- **What to do**: Excluding pictures, reproduce word for word the lines from the one containing "Green Board Games" through the end of the material below.

- **Data**:
Start of Block

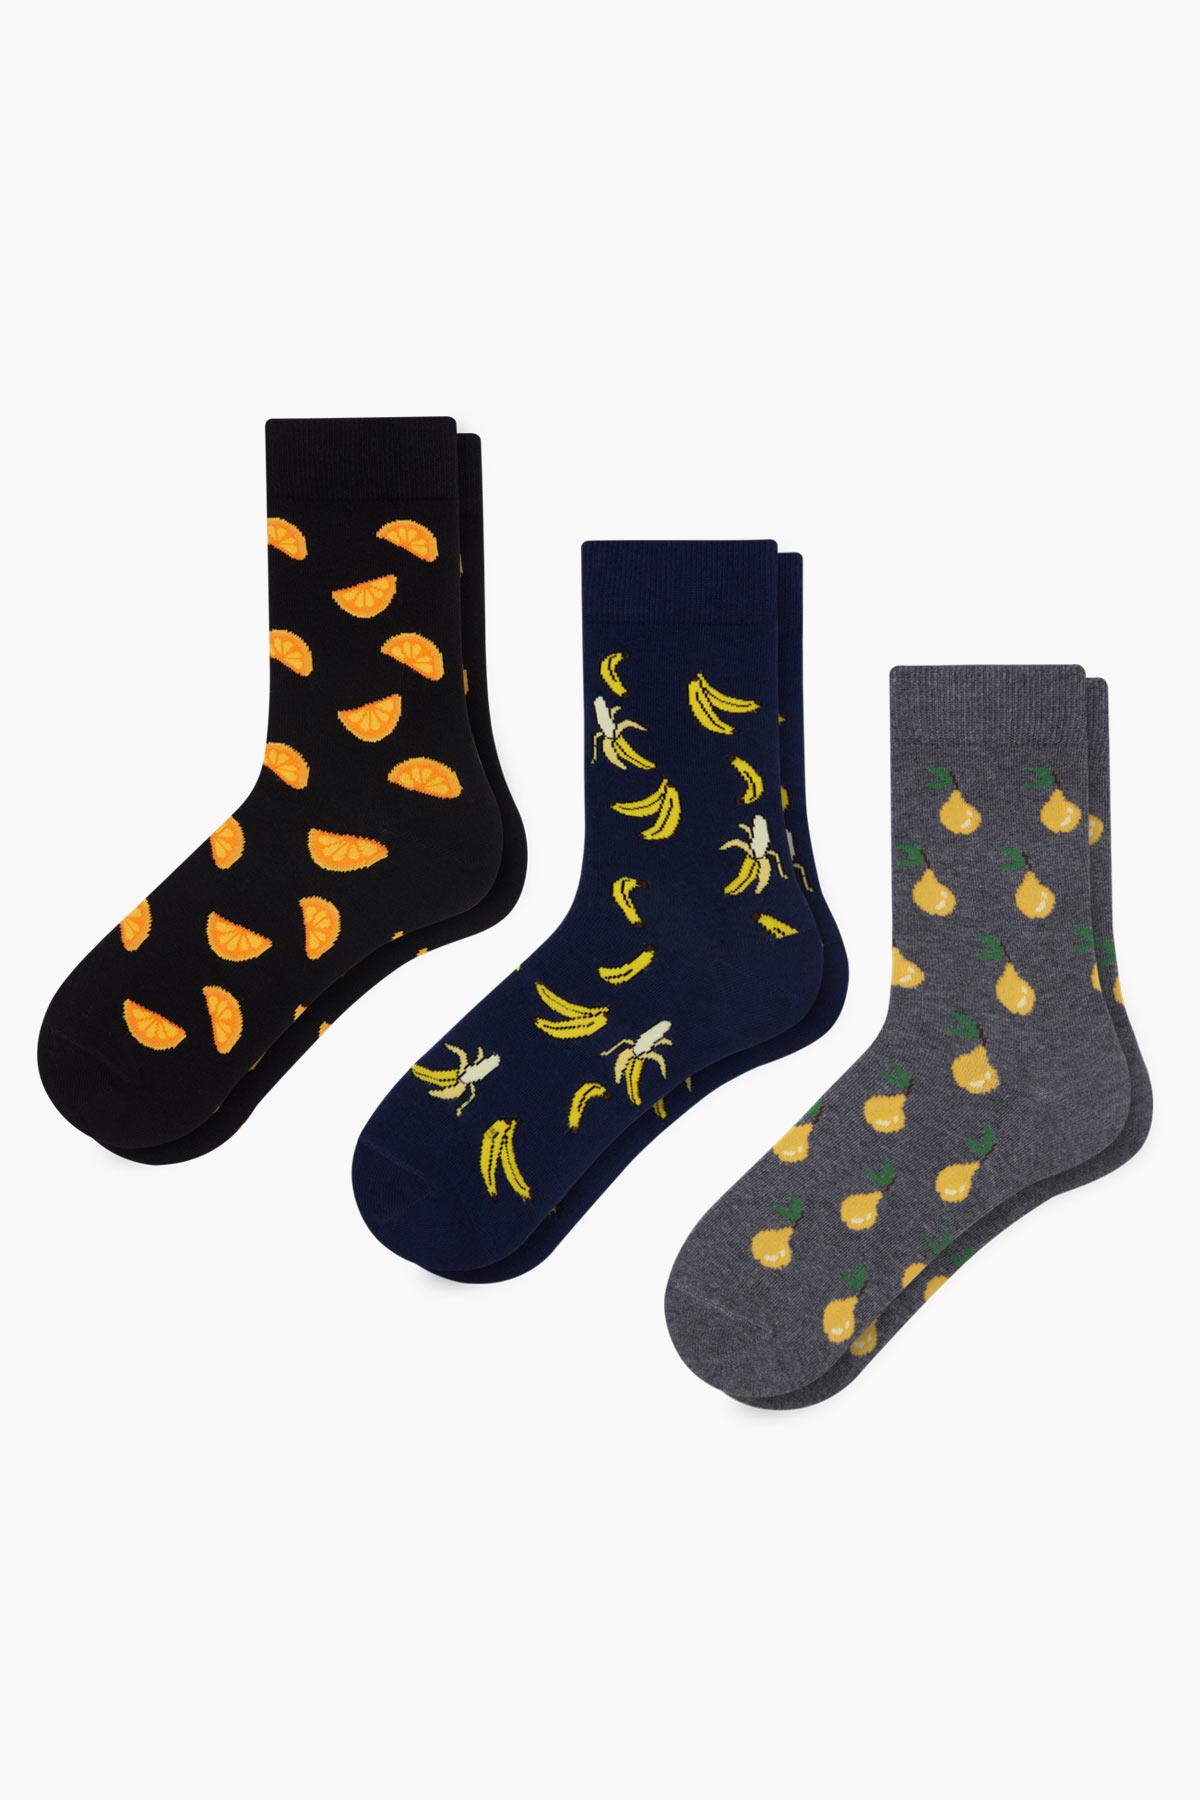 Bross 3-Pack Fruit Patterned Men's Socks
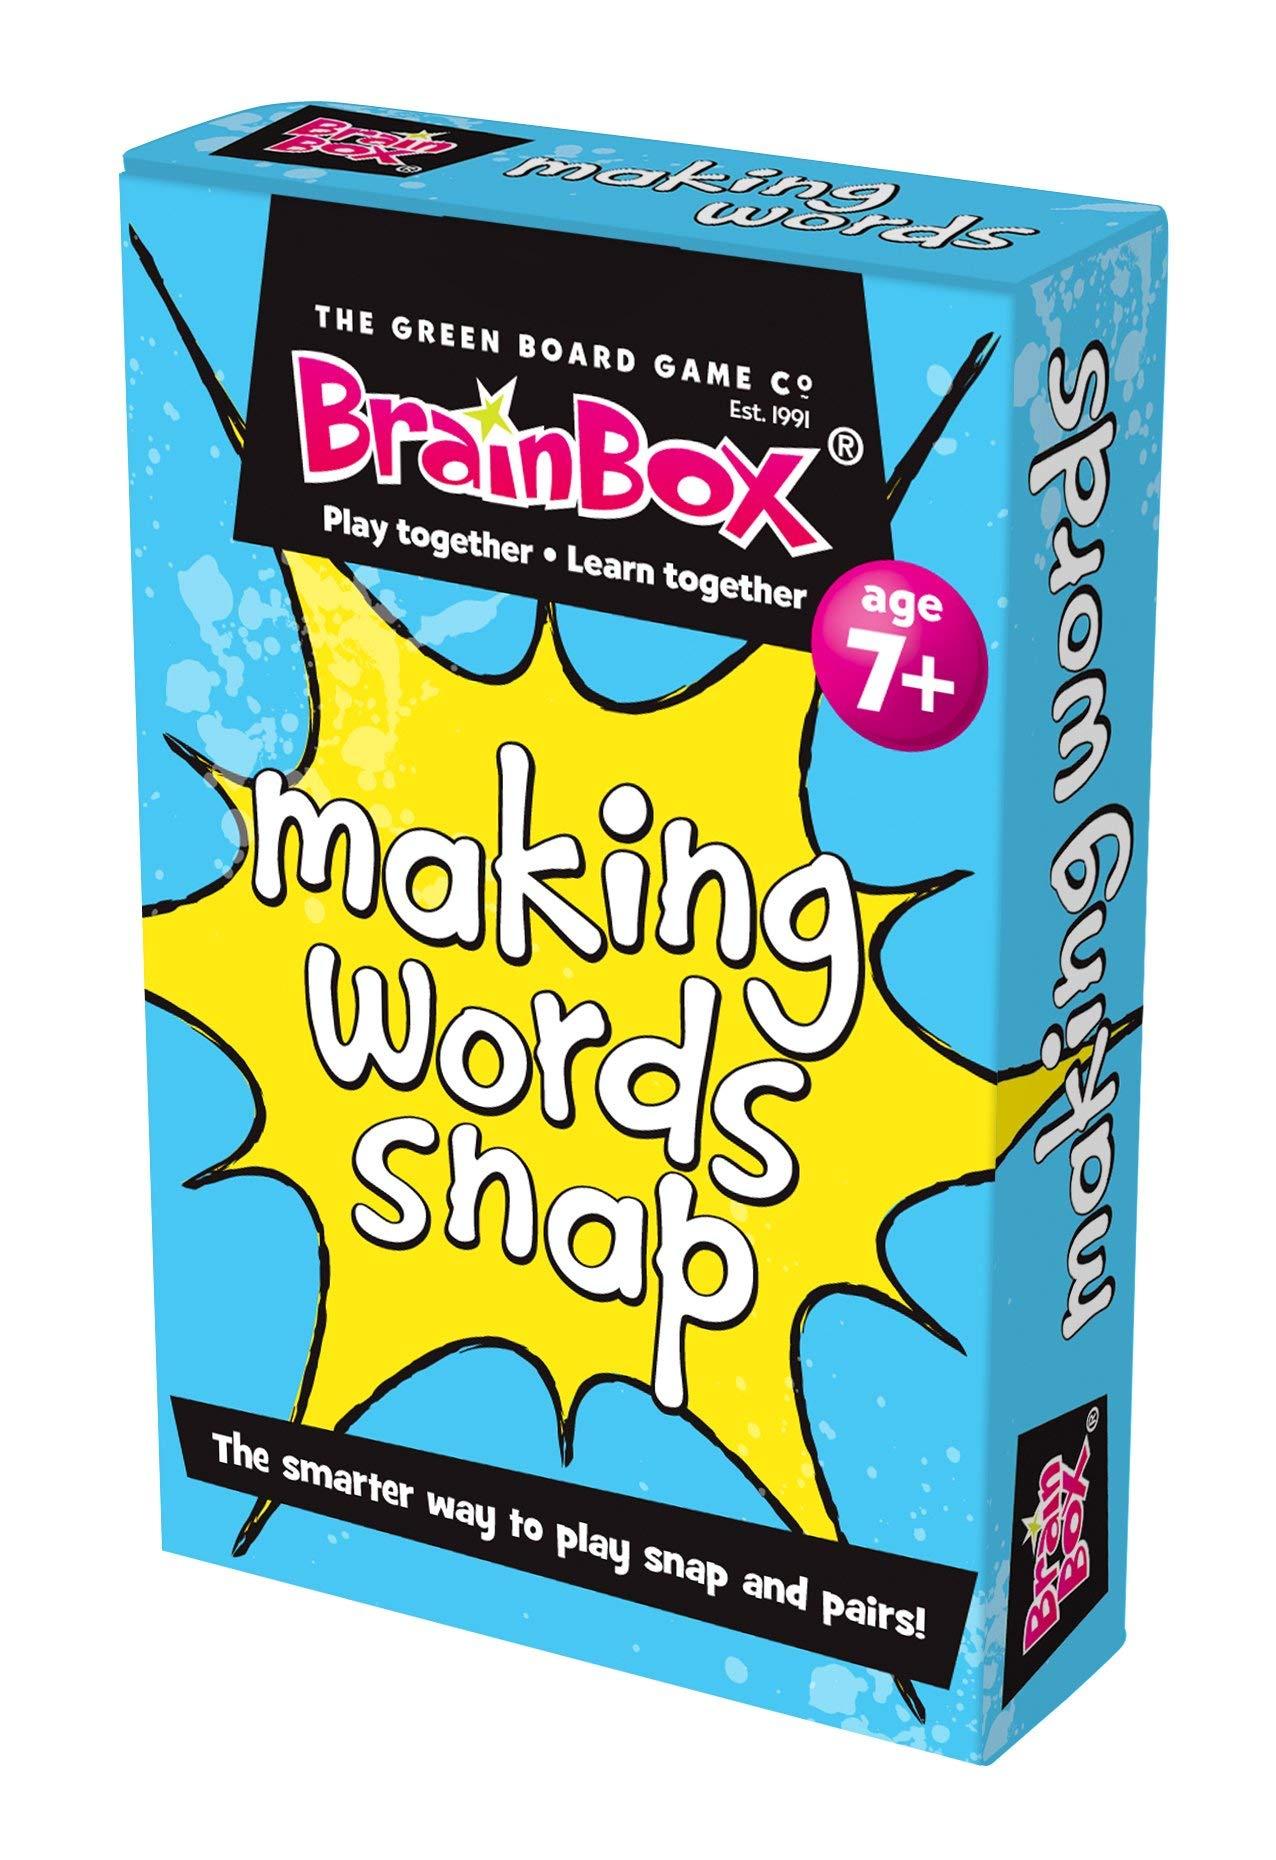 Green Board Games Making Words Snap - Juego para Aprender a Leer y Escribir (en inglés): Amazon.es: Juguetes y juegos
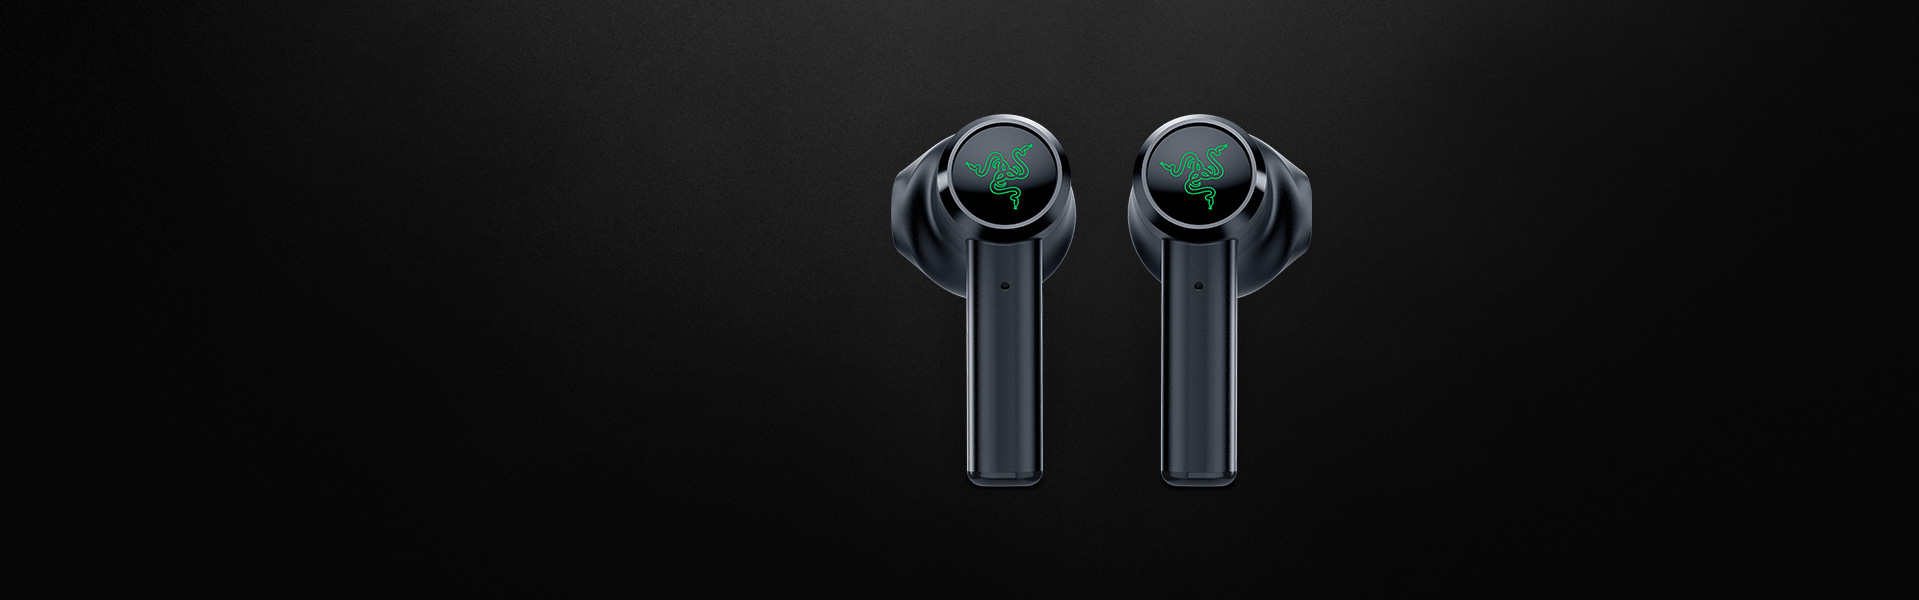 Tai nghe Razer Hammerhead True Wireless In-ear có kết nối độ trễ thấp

End of Block

- **Your response**:
 Green Board Games Making Words Snap - Juego para Aprender a Leer y Escribir (en inglés): Amazon.es: Juguetes y juegos
 Tai nghe Razer Hammerhead True Wireless In-ear có kết nối độ trễ thấp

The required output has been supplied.